Provided data

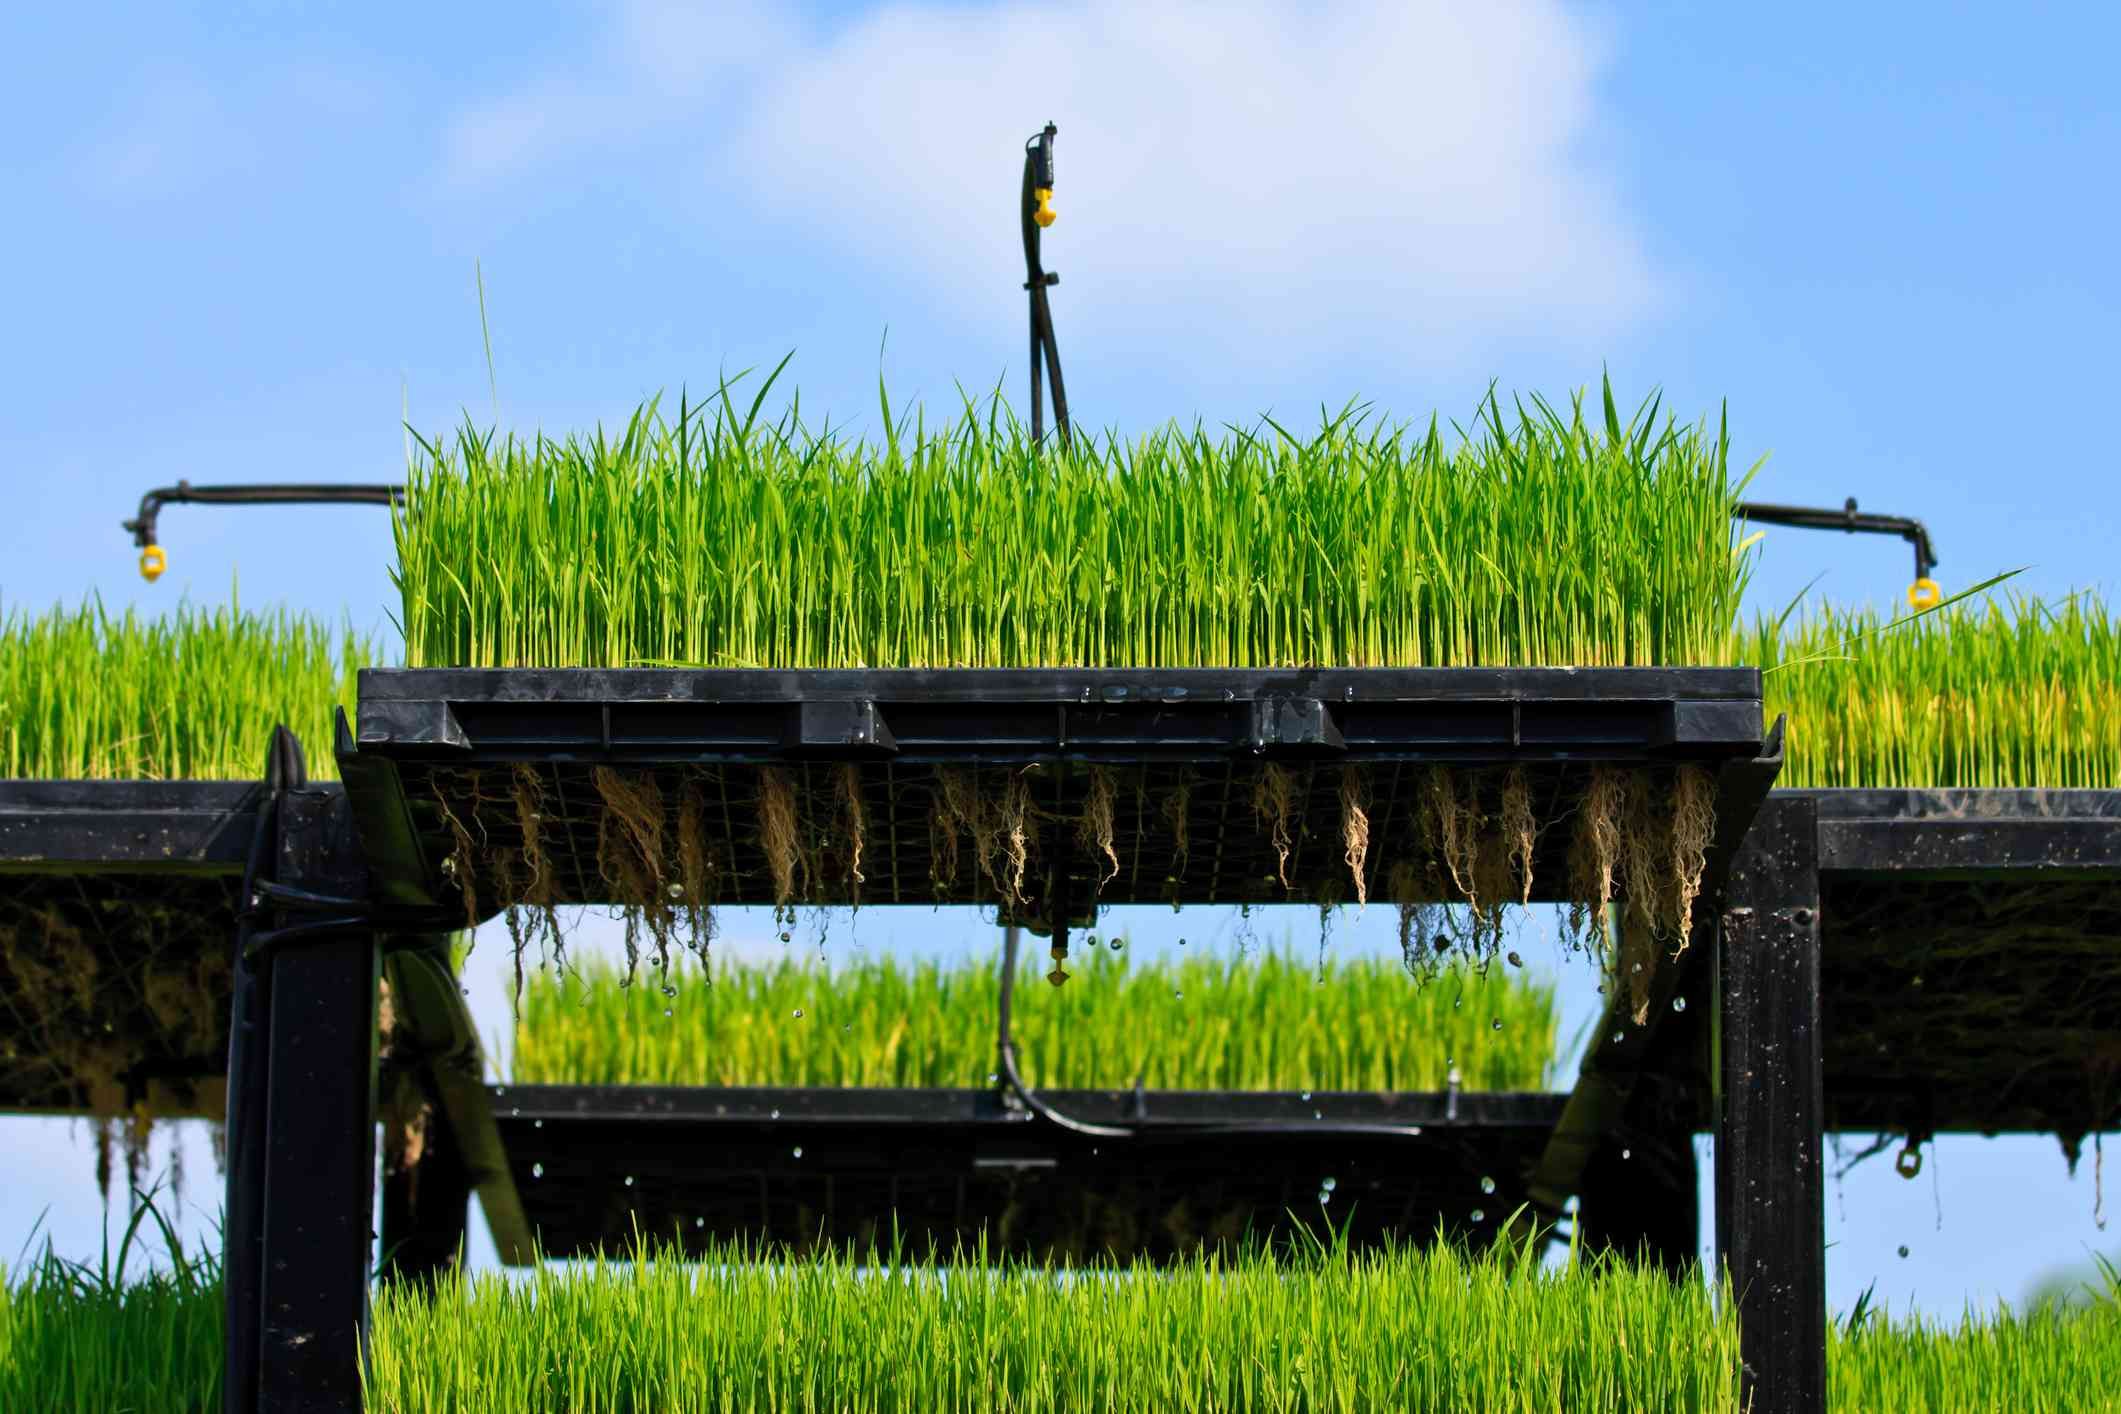 Stacks of aeroponics rice plants
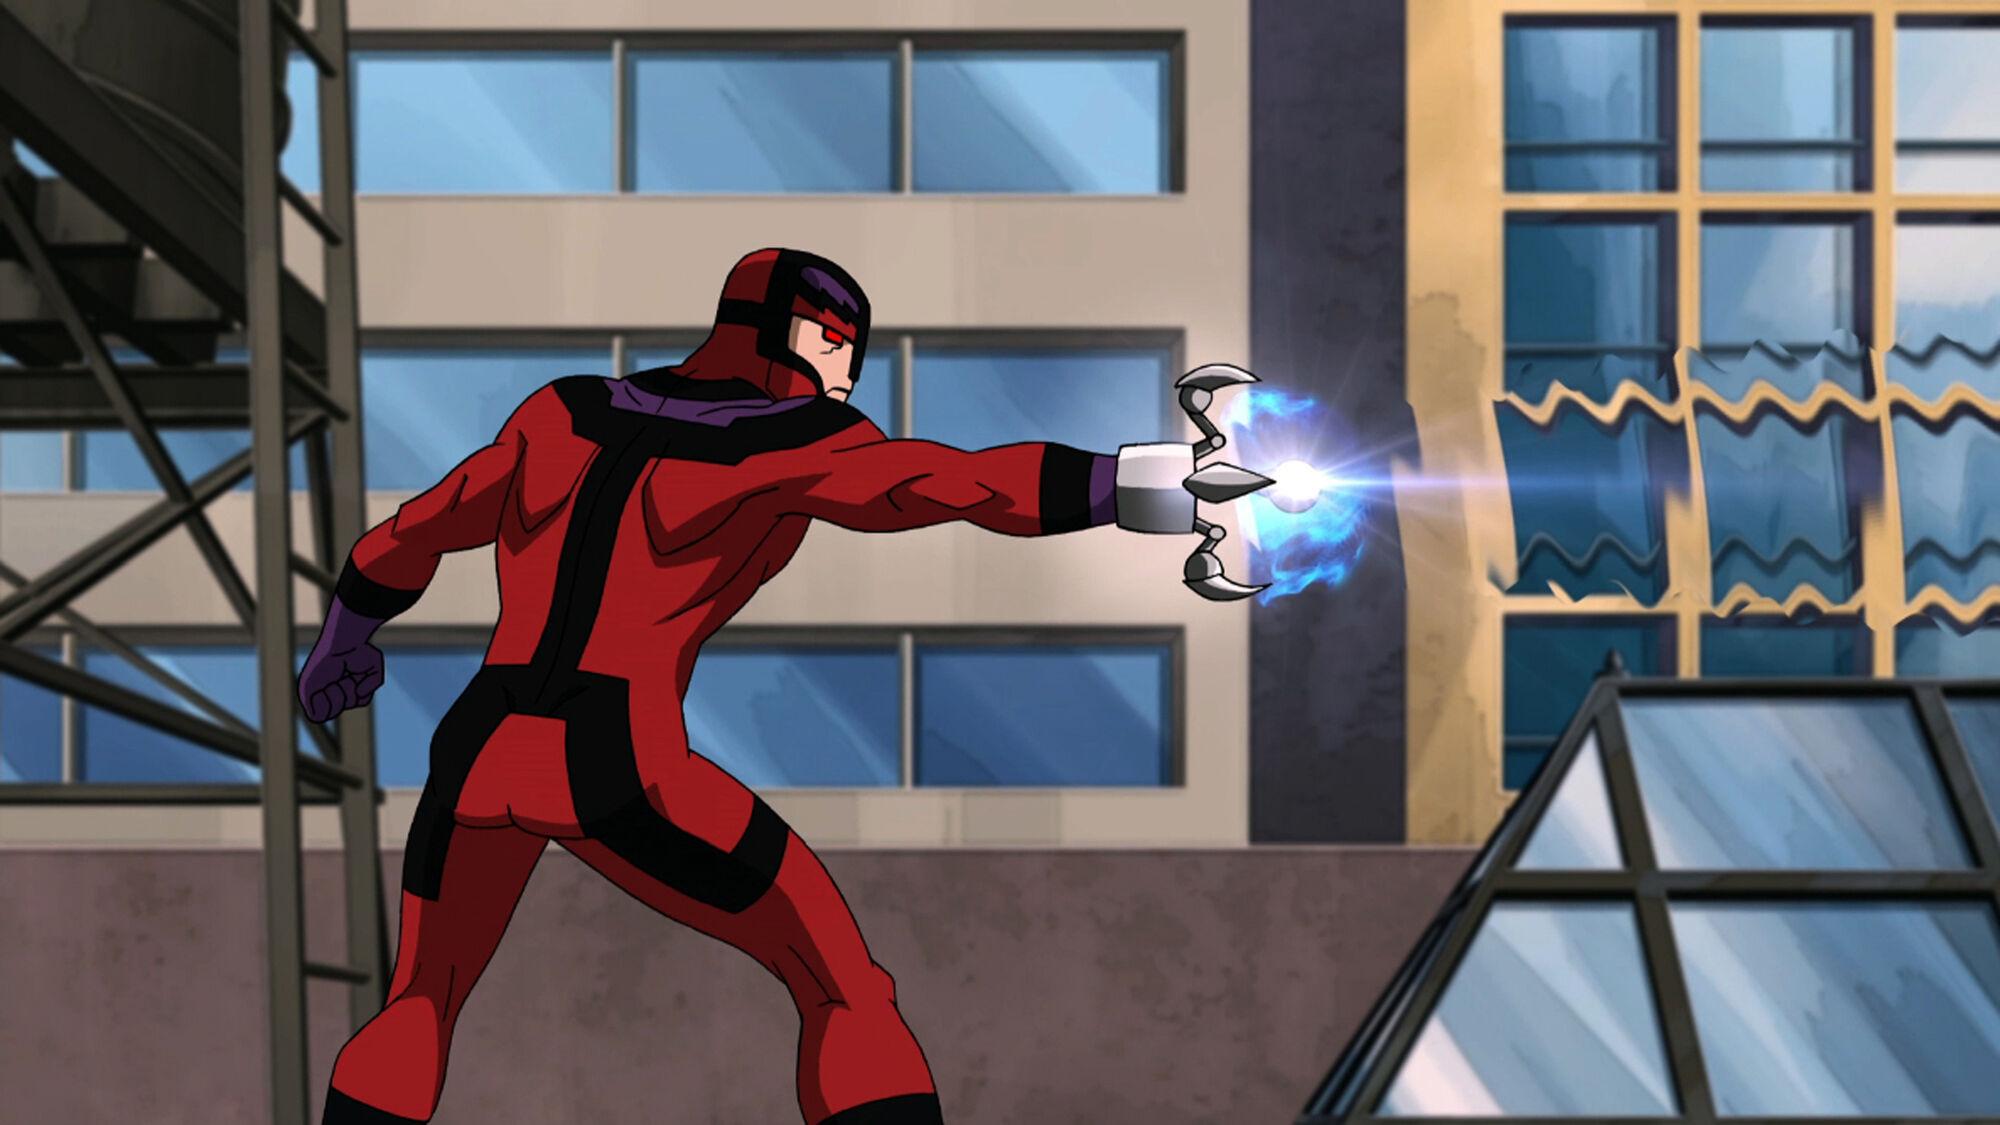 Klaw | Ultimate Spider-Man Animated Series Wiki | Fandom
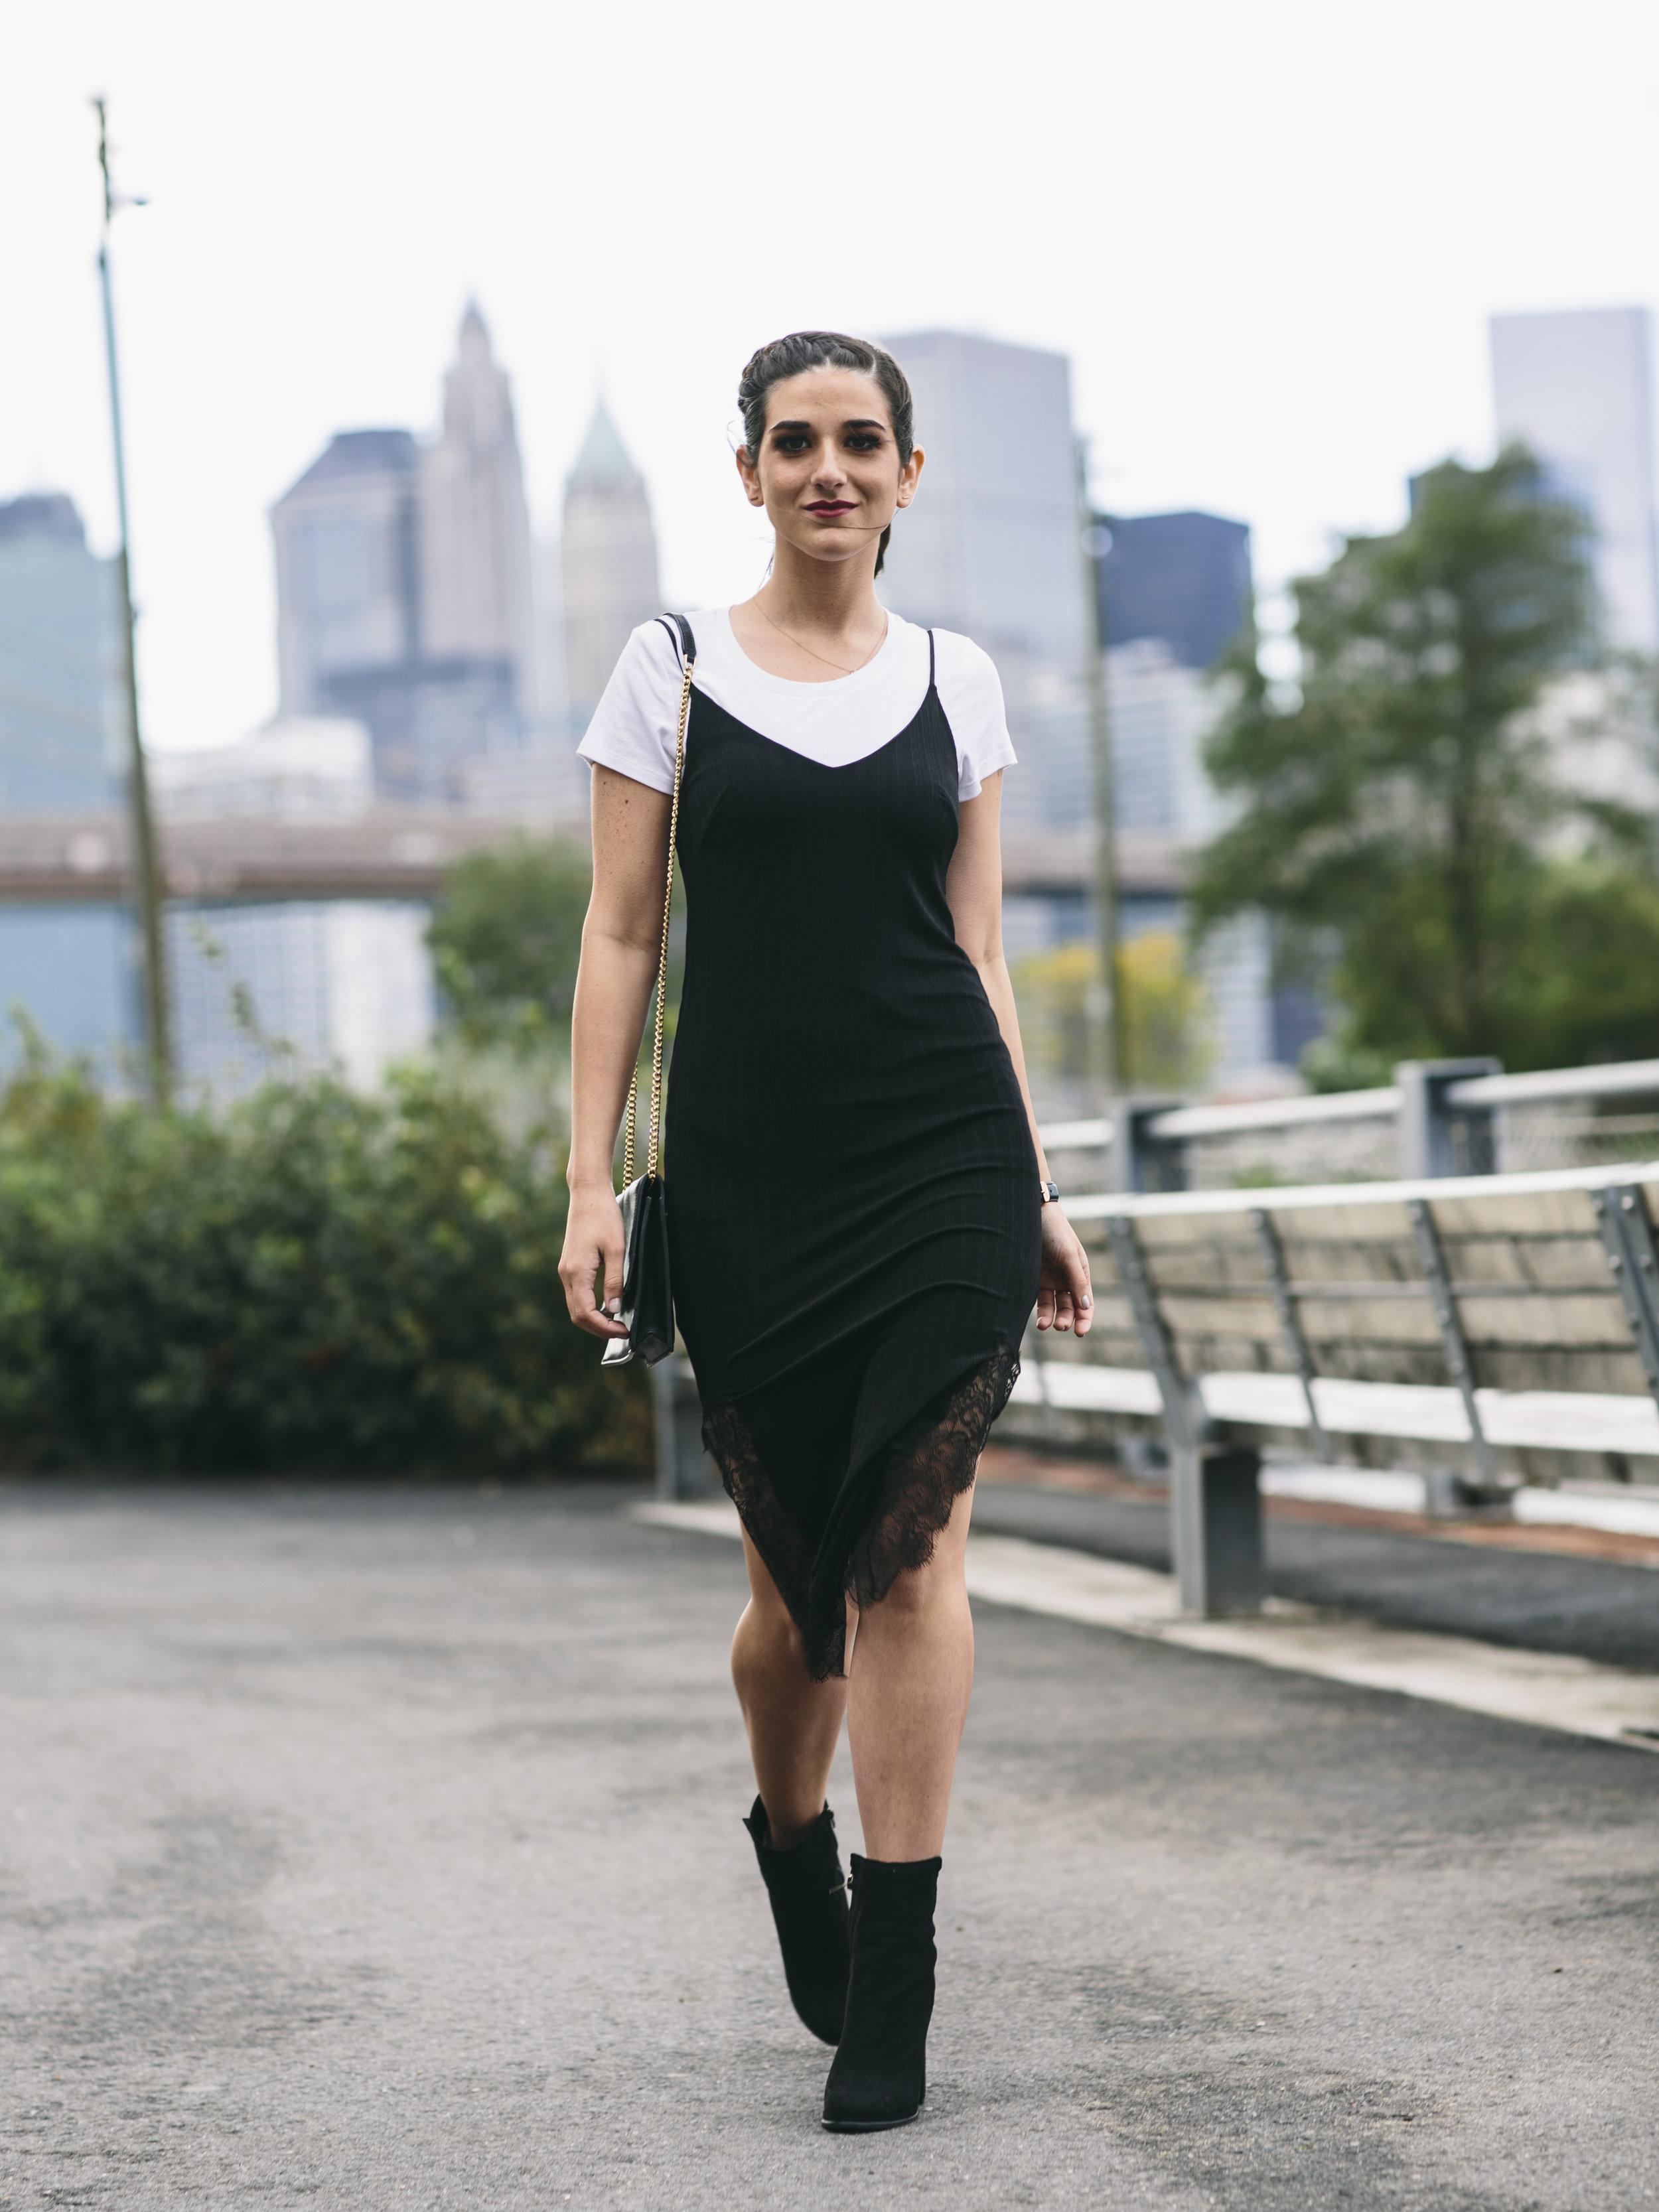 fb034194b3 Black Lace Slip Dress Over White Tee Louboutins   Love Fashion Blog Esther  Santer NYC Street

Try it
Copy exactly the lines from the line that holds "Klaw | Ultimate" to the end of the listing, both included. Leave the pictures out.

Solution for this problem
 Klaw | Ultimate Spider-Man Animated Series Wiki | Fandom
 fb034194b3 Black Lace Slip Dress Over White Tee Louboutins   Love Fashion Blog Esther  Santer NYC Street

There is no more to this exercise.